- Born: Winston Maxwell Keeping 1 April 1942 Grand Bank, Newfoundland
- Died: 1 October 2015 (aged 73) Ottawa, Ontario, Canada
- Occupation: Newscaster
- Years active: 1950s–2010
- Awards: Order of Canada (1991) Gemini Humanitarian Award (2003) Order of Ontario (2007)

= Max Keeping =

Canadian broadcaster

Winston Maxwell "Max" Keeping (1 April 1942 – 1 October 2015), was a Canadian broadcaster. He was vice-president of news and public affairs at CJOH-DT, the CTV station in Ottawa, Ontario. Keeping was anchor of the local evening news broadcast from 1972 until his retirement in 2010 and was the station's community ambassador until March 2012.

==Biography==
Keeping was born in Grand Bank, Newfoundland and began his news career in the late 1950s. His early work was as sports director of the St. John's Evening Telegram, a post that he occupied at the age of 16. He then worked with the radio station VOCM and CJCH in Halifax.

Keeping moved to Ottawa in 1965, when he became a parliamentary reporter first for CFRA radio, and then as a parliamentary reporter for CTV News.

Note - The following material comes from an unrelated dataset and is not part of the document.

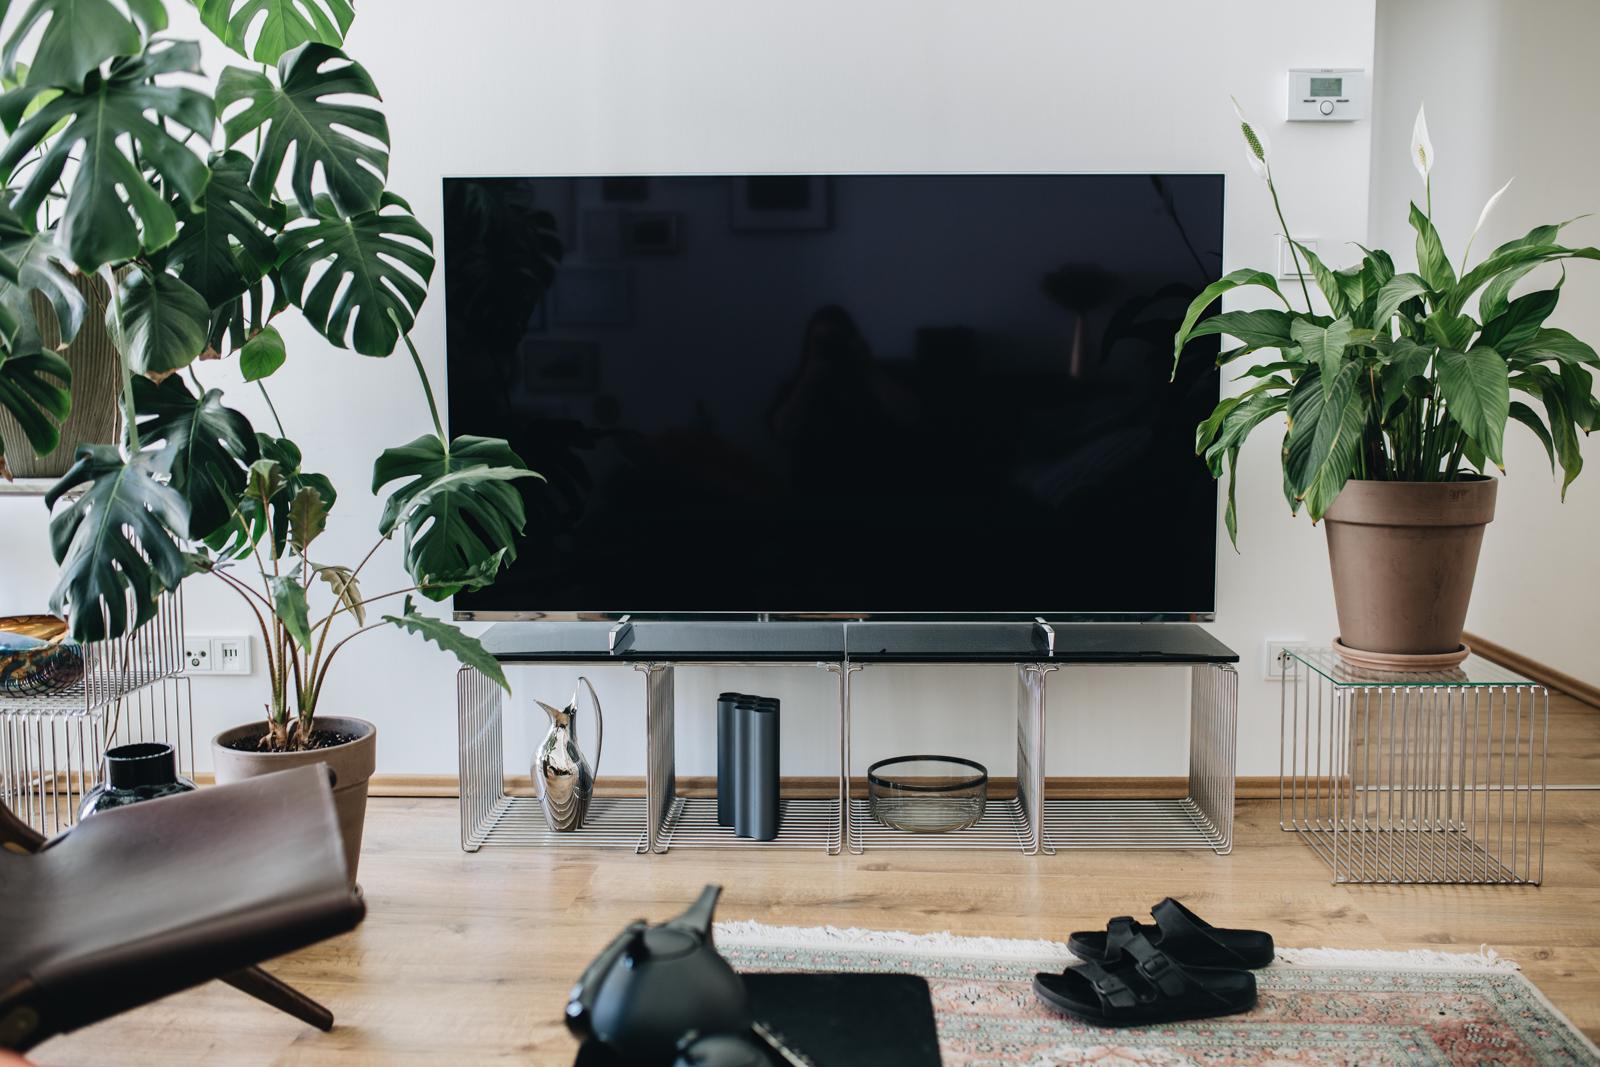 Mit dänischer Leichtigkeit! - Philips TV & Georg Jensen

Keeping returned to Newfoundland in the fall of 1972 to run as a Progressive Conservative in the October federal election, in the riding of Burin—Burgeo. He came in second place behind the Liberal incumbent, Don Jamieson, with 25% of the vote.

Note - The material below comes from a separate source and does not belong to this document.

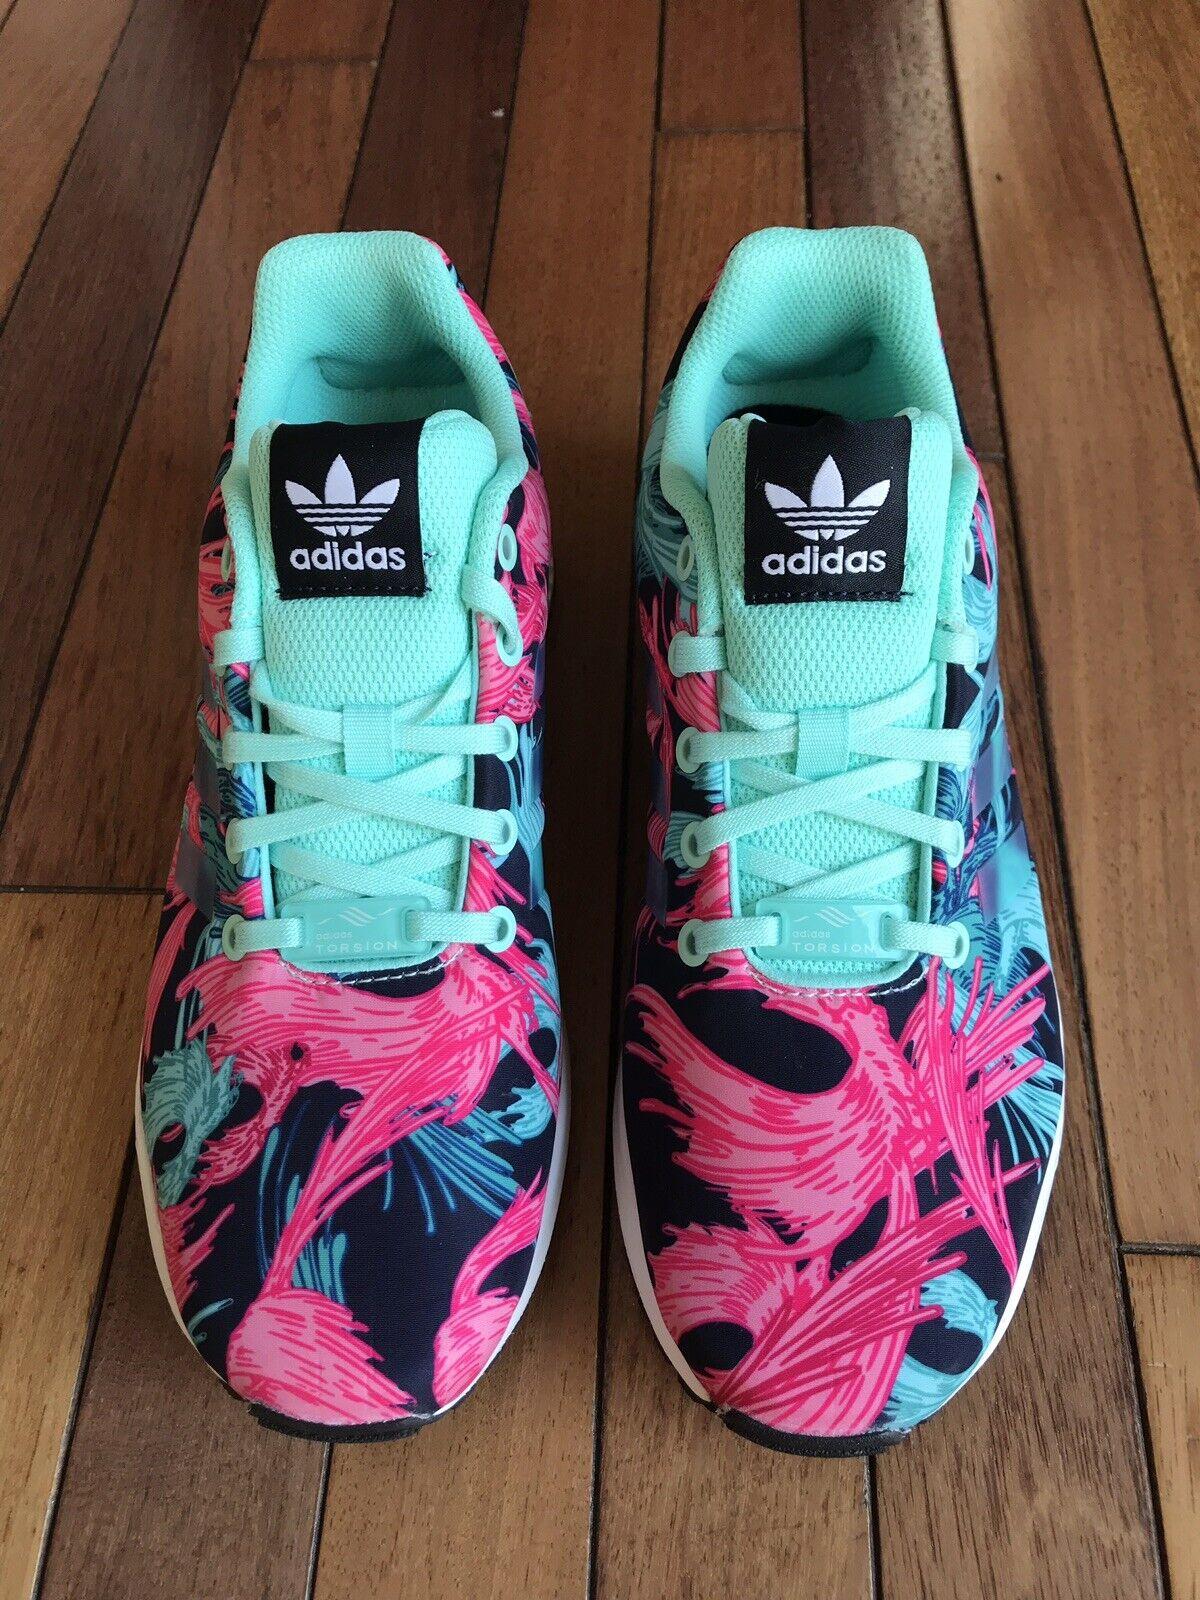 Adidas Originals ZX Flux BY9827 Women's Size 7

After the election he returned to Ottawa. Due to his political campaign, he was unable to return to his parliamentary bureau job at CTV. In November 1972, he joined CJOH as the local news director and was the station's news anchor from November 1972 until March 2010, making him one of the longest-serving Canadian television news anchors.

In his more than 40 years in Ottawa, Keeping became a local celebrity. He played an active role in many charitable drives, both through his news station, and outside. He was the long-time Master of Ceremonies of the CHEO telethon. It is estimated that he has participated in the collection of more than $100 million in charitable donations in the Ottawa area. This earned him a 2003 Gemini Humanitarian Award. Most recently Keeping accepted a doctorate from the University of Ottawa and an honorary post as patron for Learning for a Cause, a non-profit educational initiative which publishes and promotes the creative writing of high school students.

In 2003, Keeping announced on-air that he had been diagnosed with prostate cancer. Later that year, a section of CHEO was named the Max Keeping Wing in recognition of his support for the hospital.

Keeping announced on 3 December 2009 that he would retire as news anchor after 26 March 2010. On the same newscast, it was announced that his replacement would be Graham Richardson of CTV News's parliamentary bureau, who appeared on the air with Keeping and fellow anchor Carol Anne Meehan to make the announcement. After retirement, Keeping started a new job as the television station's "community ambassador."

He was treated for colorectal cancer in 2012, and in 2014 was diagnosed with untreatable cancer in his lungs. Keeping died on 1 October 2015.

==Awards and notable achievements==
- Ontario Medal of Good Citizenship, 1983
- Member of the Order of Canada, 1991
- Key to the City of Ottawa, 2000, presented by acting mayor Allan Higdon
- Hon. Mac Harb thanked Mr. Keeping for his contributions to the city of Ottawa in the House of Commons in 2001
- Gemini Award for Humanitarian work, 2003
- A new wing of the Children's Hospital of Eastern Ontario was named in his honour in September 2003
- Inducted into the Canadian Association of Broadcasters' Hall of Fame in 2004
- Honorary doctorate from the University of Ottawa, June 2007
- Order of Ontario, December 2007
- Honorary doctorate from Carleton University in 2009.
- Ottawa councillor Rick Chiarelli announced that the city's next major arterial road would be called "Max Keeping Boulevard".
- The pedestrian bridge over the Queensway at the Vanier Parkway was named the Max Keeping Bridge in January 2016.